2024年2月に取締役副社長に就任した竹田さん。代表の沢井さんと共にサイキンソーを創業され、現在も二児の子育てをしながら重責を担う竹田さんにこれまでのサイキンソーの歴史や今後の展望などを伺いました。
Cykinso’s トップインタビュー 04

こんにちは。サイキンソー広報の山藤(ざんとう)です。
サイキンソーを支える ” リーダーたちの思い ” を、多くの人に知ってもらいたいーー。
そんな思いから、「Cykinso’sトップインタビュー」をスタートしました。

第四弾の今回は、サイキンソーの共同創業者であり1月に取締役副社長に就任された竹田さんにお話を伺いました。

代表の沢井さんと一緒に、サイキンソーを創業された理由やこれまでのサイキンソーのサービスや事業、組織の歴史など詳細にお話いただきました。ぜひ今回も最後までご覧くださ
い。


プロフィール

高校卒業後に渡米し、フロリダ州立大学で分子生物物理学の博士号を取得。帰国後、DNA解析受託サービスを行う企業にて、企業・アカデミア向けにコンサル営業を主に担当。第二子を妊娠中に、当時同僚だった沢井さんと共にサイキンソーの起業を構想し、出産後すぐに創業。CSOとしてサイエンス領域の統括やサービスへの展開などを推進。現在は二児と3匹の猫の子育てをしながら、2024年1月に取締役副社長に就任。

起業理由

ー竹田さんは代表の沢井さんと一緒にサイキンソーを共同創業されていますよね。起業理由を改めて伺ってもよろしいでしょうか。
前職はDNA解析受託サービスを行う企業に勤めており、沢井さんと同僚だったんです。沢井さんが経営企画室にいて私が営業でした。次世代シーケンス ※1 という強力な基盤技術を活用して、何か新規事業をできないか検討をしていました。ちょうどその頃(2013年~2014年ごろ)欧米を中心に、マイクロバイーム・腸内細菌叢(腸内フローラ)への注目が高まっていた時期だったのです。沢井さんと一緒に腸内細菌の世界を調べていくと、腸は人の一生の健康を司る非常に大切な臓器であると分かりました。まだ日本国内では腸内細菌叢ビジネスを個人向けにやっている企業がなかったため、顧問である当時理化学研究所の辨野先生の後ろ盾もありビジネスチャンスも勝機もあると考え、起業に至りましたね。

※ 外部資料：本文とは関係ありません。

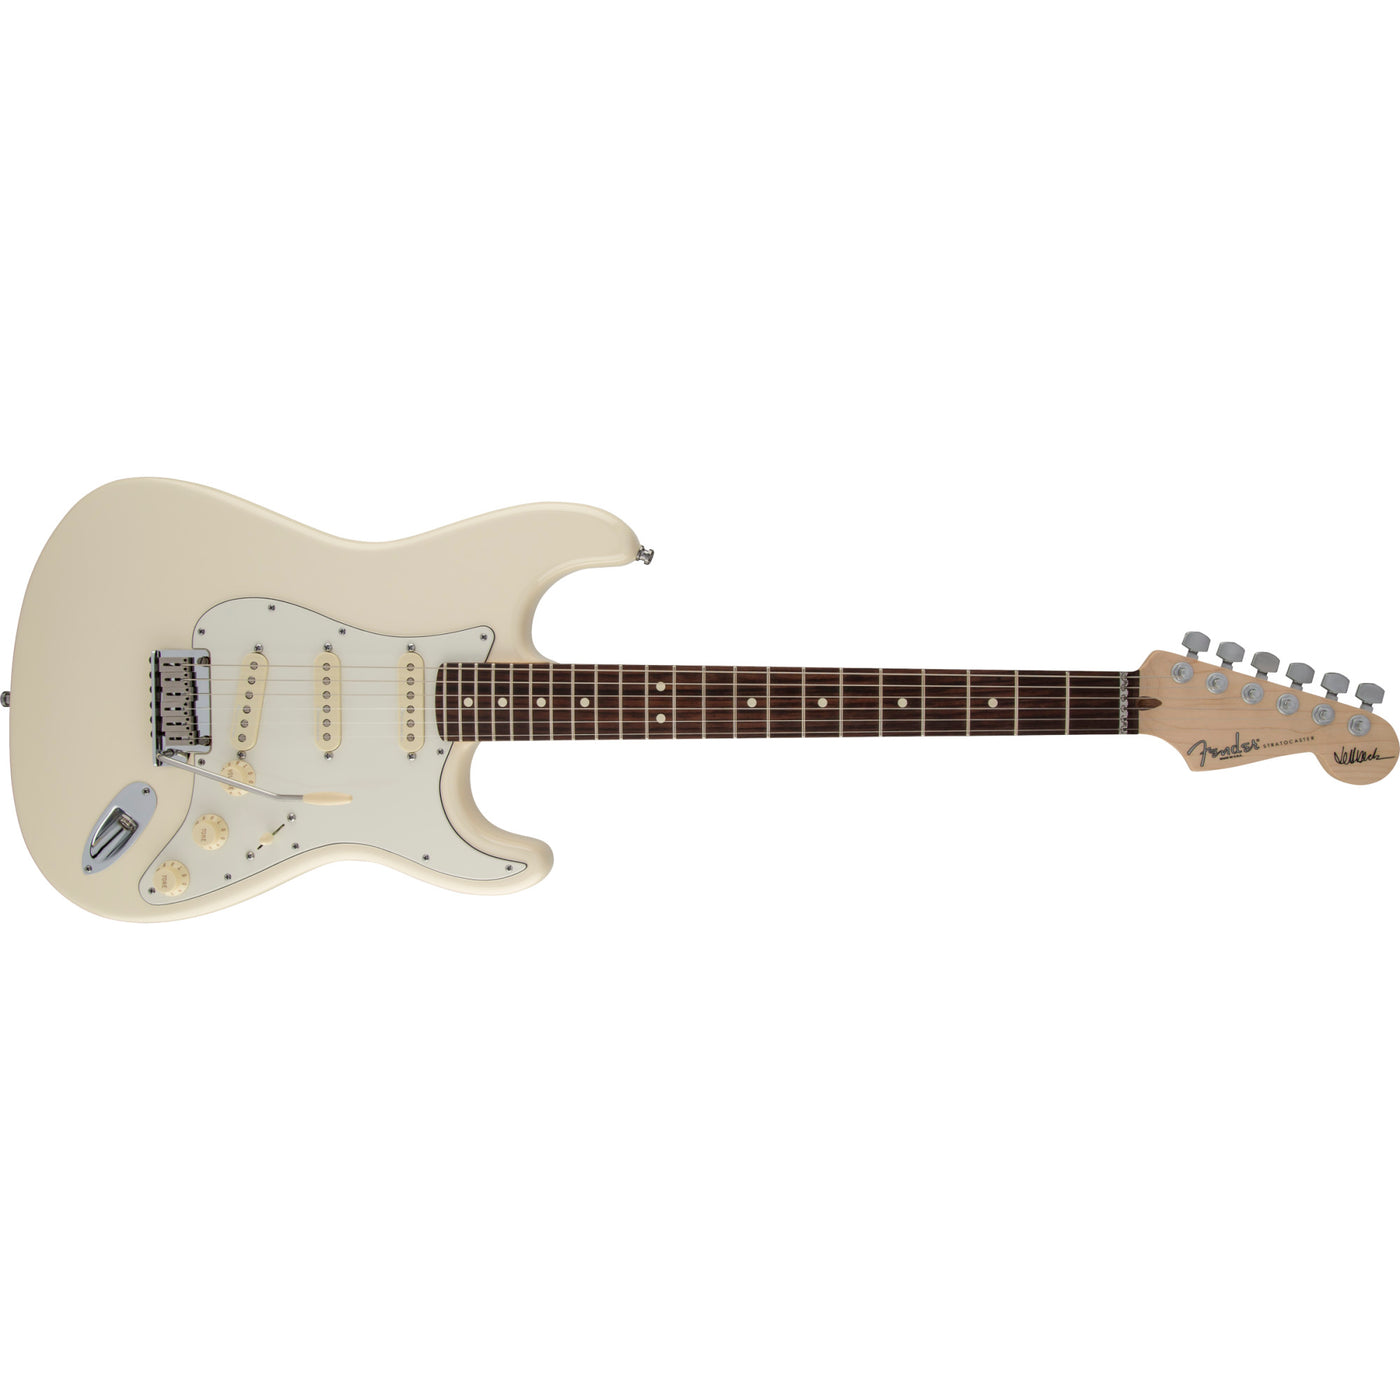 Fender Jeff Beck Stratocaster Electric Guitar, Olympic White (0119600805)

※1:数千~数百万ものDNA分子を同時に配列決定ができる基盤技術

ー起業タイミングは産休中とのことでしたが、出産や子育てと起業を両立するのは大変ではありませんでしたか?
私の性格上、辛いことや大変なことはすぐ忘れてしまうのもあるのですが、意外とスムーズでした。ちょうど起業の話が具体的に進んだのも産休前のタイミングだったので、ココだけの話ですが(笑)、実際の起業準備は産休中に取り組んでいました。起業後も自分が経営側に回ることで会社員時代よりもマイペースに、時間に融通を持って働くことができています。子どもたちも、小学5年生と3年生になりましたが、子育てと両立しながら仕事ができたことで、成長を近くで見守ってこれたなと感じています。


事業を作る苦しみ

ーサイキンソーの全ての歴史を知る竹田さんですが、特に印象に残っていることを教えてください。
これも1つに決めることができないんですよね。ただ、振り返ると人に恵まれて事業をここまで成長させることができたと思います。沢井さんと事業を進化させたい、新しいサービスを生み出したいと話し合うタイミングで、いつも助けてくれる人に出会うことが出来ていましたね。

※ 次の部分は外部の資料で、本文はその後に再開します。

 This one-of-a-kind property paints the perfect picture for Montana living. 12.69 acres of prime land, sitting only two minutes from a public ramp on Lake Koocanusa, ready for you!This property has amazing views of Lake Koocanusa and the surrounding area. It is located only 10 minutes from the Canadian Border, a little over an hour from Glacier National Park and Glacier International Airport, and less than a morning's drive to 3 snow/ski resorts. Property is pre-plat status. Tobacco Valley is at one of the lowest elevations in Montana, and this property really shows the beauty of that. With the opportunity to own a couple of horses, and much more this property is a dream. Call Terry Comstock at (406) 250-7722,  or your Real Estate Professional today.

ー事業ステージごとにどんな出会いやストーリーがあったか教えてください。
サイキンソーの事業ステージに合わせて、これまで4つのサービスがローンチしてきました。1つ目が「マイキンソー(Mykinso)」、2つ目が研究受託サービス「Cykinso Research」、3つ目が口腔内フローラの検査「マイキンソー オーラル」、4つ目が子ども向け腸内フローラ検査「マイキンソー キッズ」です。

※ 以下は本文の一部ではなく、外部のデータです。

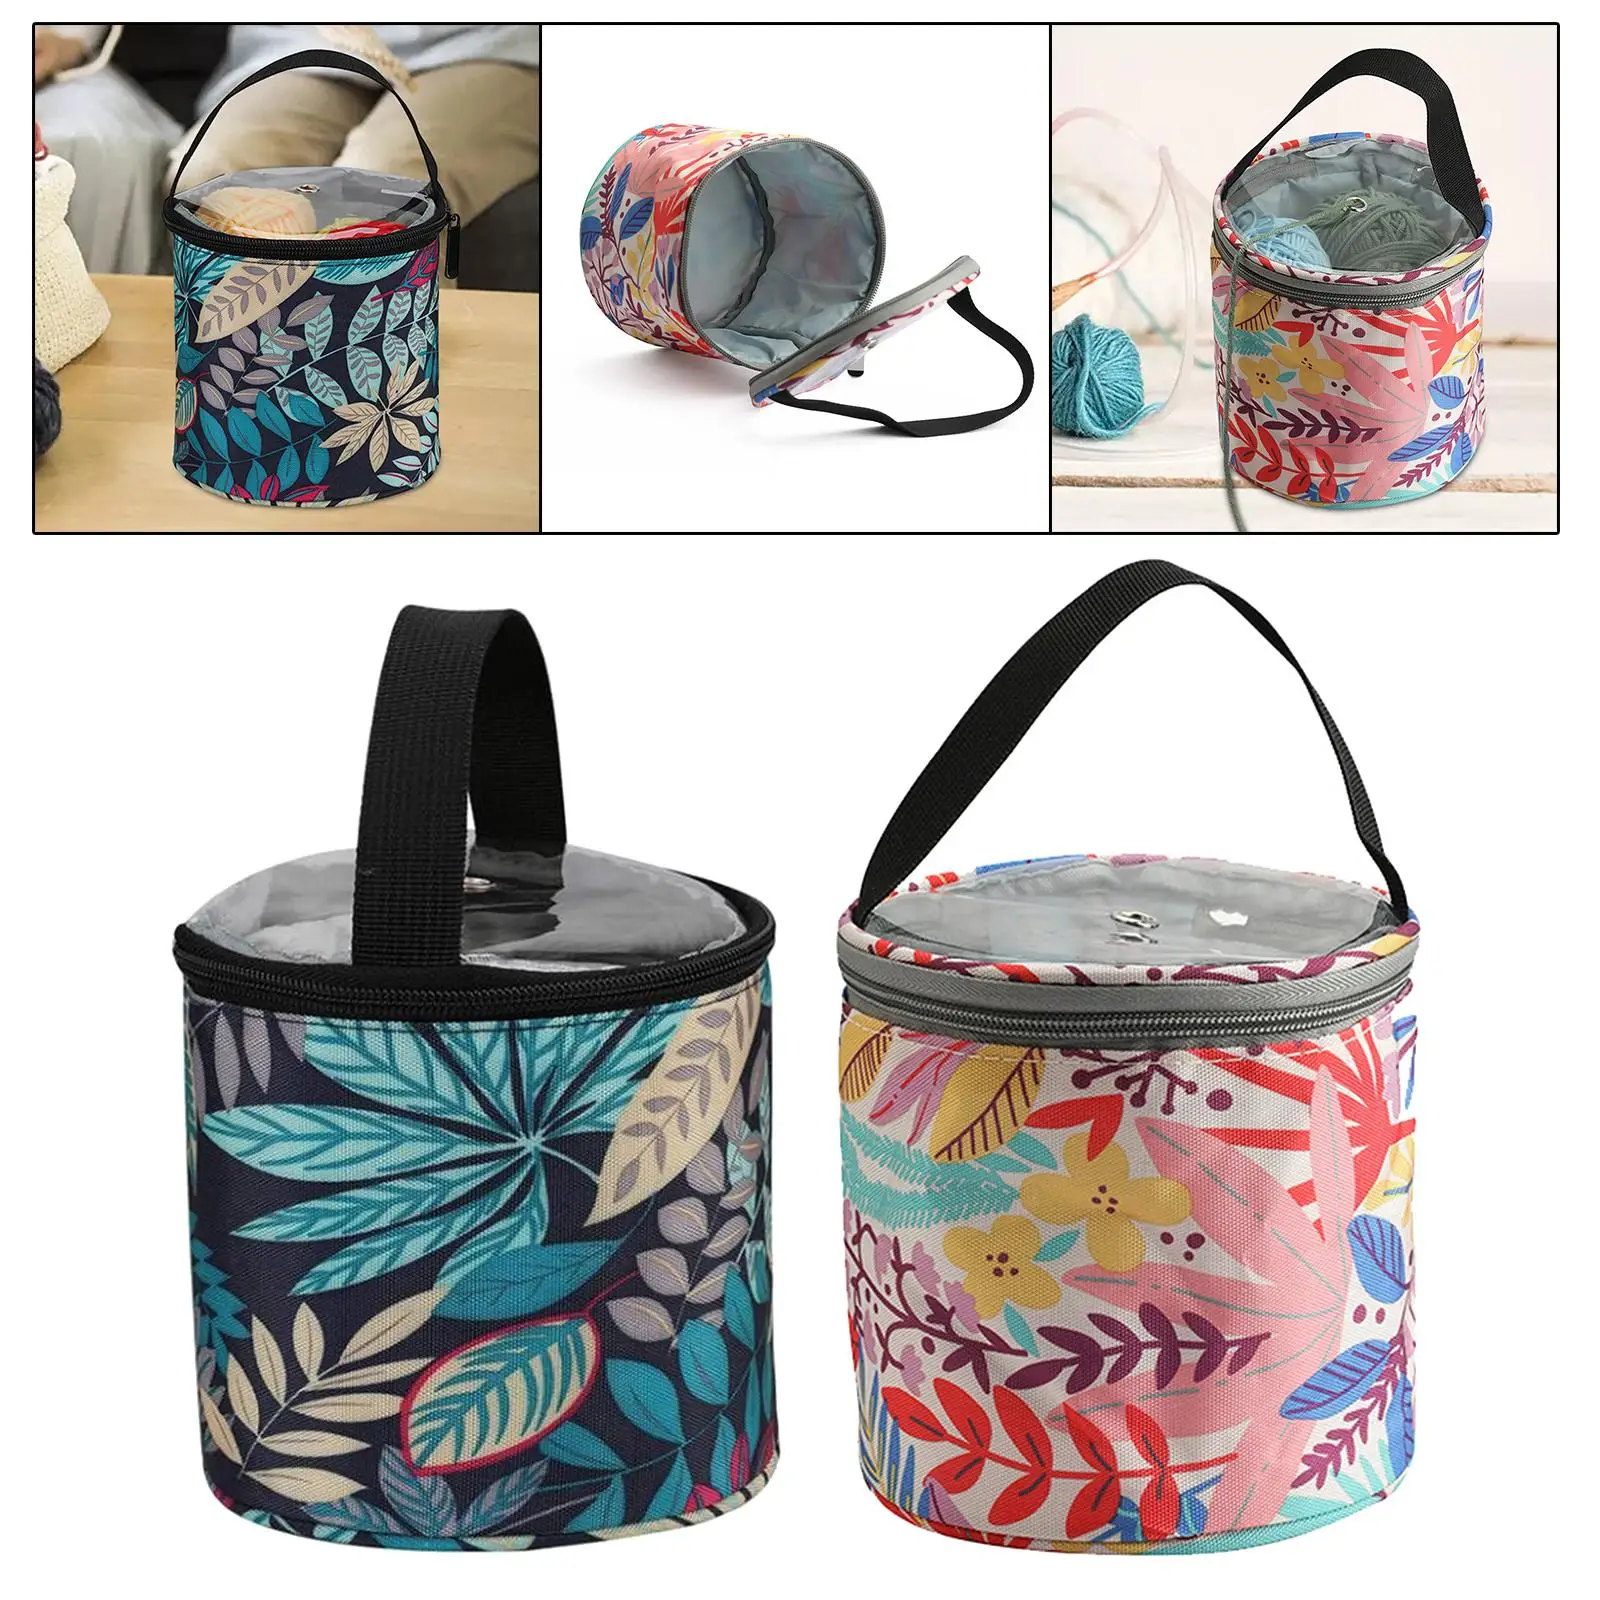 Yarn Bag for Crocheting Yarn Storage Bag Container Portable Large Capacity Sturdy Knitting Bag Tote for Embroidery Supplies

中でも出会いの印象が強かったのが、「マイキンソー」の立ち上げ初期ですね。初めてコンシューマー向けサービスを立ち上げるということで、まずは最低限のシステムを作るところからスタートしました。とはいっても沢井さんも私もシステムを作った経験がある訳ではないので、エンジニアさんやUXデザインの専門家など沢山の人に助けてもらい、なんとか個人向けマイキンソーをローンチすることができました。

その後、ECやプロダクトマネジメントの知識や経験を持っている現取締役CCOの小河原さんに入社いただき、よりマイキンソーを多くの方に届けていくための環境整備を強化していくことができました。ただ、以前、鈴木さんのnoteの中でもこの話が出ていましたが、立ち上げ当時の腸内フローラ検査は世間からは「占い」程度にみられており、実際に今のように詳細な検査結果をお返しすることが難しかったのも事実でした。当時は現段階の研究結果を踏まえて最大限言えることと、顧客が求めていることの狭間で社内でも多くのメンバーが葛藤していましたね。

そんなときに、現在のパートナーサクセスユニット(営業組織)の副ユニットリーダーをされている志田さんが入社されました。志田さんは管理栄養士として特定保健指導などで個別の栄養サポートを多く経験されていました。サイエンスの側面から語れる精一杯を出しても少し物足りない、サイキンソーならではのオリジナリティを出したいというときに、管理栄養士の個別アドバイスを検査結果に記載するというアイディアを提案してくれました。しっかりと商品化に繋がり、競合商品との差別化やサイキンソーならではのオリジナリティを出すことができたと考えています。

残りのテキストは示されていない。